(TO DO): Could you output only the lines from the one containing "CAMPER Kadın Haki Pix Ayakkabı" through the last line of the data, both included?

(EXERCISE INPUT):

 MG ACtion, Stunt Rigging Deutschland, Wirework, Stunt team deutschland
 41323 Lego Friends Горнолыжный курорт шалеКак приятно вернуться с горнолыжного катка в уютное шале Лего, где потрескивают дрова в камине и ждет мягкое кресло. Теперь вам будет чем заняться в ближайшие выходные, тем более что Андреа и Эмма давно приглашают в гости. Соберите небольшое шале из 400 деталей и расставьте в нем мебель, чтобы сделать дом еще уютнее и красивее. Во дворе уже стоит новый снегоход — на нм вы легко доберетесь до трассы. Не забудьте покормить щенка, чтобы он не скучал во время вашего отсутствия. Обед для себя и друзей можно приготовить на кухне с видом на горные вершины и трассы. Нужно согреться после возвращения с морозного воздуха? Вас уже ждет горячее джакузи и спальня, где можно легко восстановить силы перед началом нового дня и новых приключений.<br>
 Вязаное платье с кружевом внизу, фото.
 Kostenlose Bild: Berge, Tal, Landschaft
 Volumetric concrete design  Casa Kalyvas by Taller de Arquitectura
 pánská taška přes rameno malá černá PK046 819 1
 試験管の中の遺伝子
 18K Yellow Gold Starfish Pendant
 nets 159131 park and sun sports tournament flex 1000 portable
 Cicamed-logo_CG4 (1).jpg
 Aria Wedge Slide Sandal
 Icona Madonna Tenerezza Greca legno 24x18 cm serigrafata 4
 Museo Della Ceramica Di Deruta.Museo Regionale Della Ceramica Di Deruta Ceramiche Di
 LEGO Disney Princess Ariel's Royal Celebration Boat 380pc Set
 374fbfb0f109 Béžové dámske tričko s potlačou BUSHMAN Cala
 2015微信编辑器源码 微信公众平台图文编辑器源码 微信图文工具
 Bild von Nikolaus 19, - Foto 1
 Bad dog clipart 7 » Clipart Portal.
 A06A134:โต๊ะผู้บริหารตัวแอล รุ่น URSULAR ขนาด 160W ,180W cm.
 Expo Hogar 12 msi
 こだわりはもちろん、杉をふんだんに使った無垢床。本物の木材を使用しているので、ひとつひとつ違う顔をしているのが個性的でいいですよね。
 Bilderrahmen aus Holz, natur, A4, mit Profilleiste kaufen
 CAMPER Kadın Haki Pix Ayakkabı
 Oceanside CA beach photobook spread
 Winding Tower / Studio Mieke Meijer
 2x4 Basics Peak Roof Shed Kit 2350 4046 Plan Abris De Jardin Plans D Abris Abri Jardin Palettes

(ANSWER FOR THIS EXERCISE):
 CAMPER Kadın Haki Pix Ayakkabı
 Oceanside CA beach photobook spread
 Winding Tower / Studio Mieke Meijer
 2x4 Basics Peak Roof Shed Kit 2350 4046 Plan Abris De Jardin Plans D Abris Abri Jardin Palettes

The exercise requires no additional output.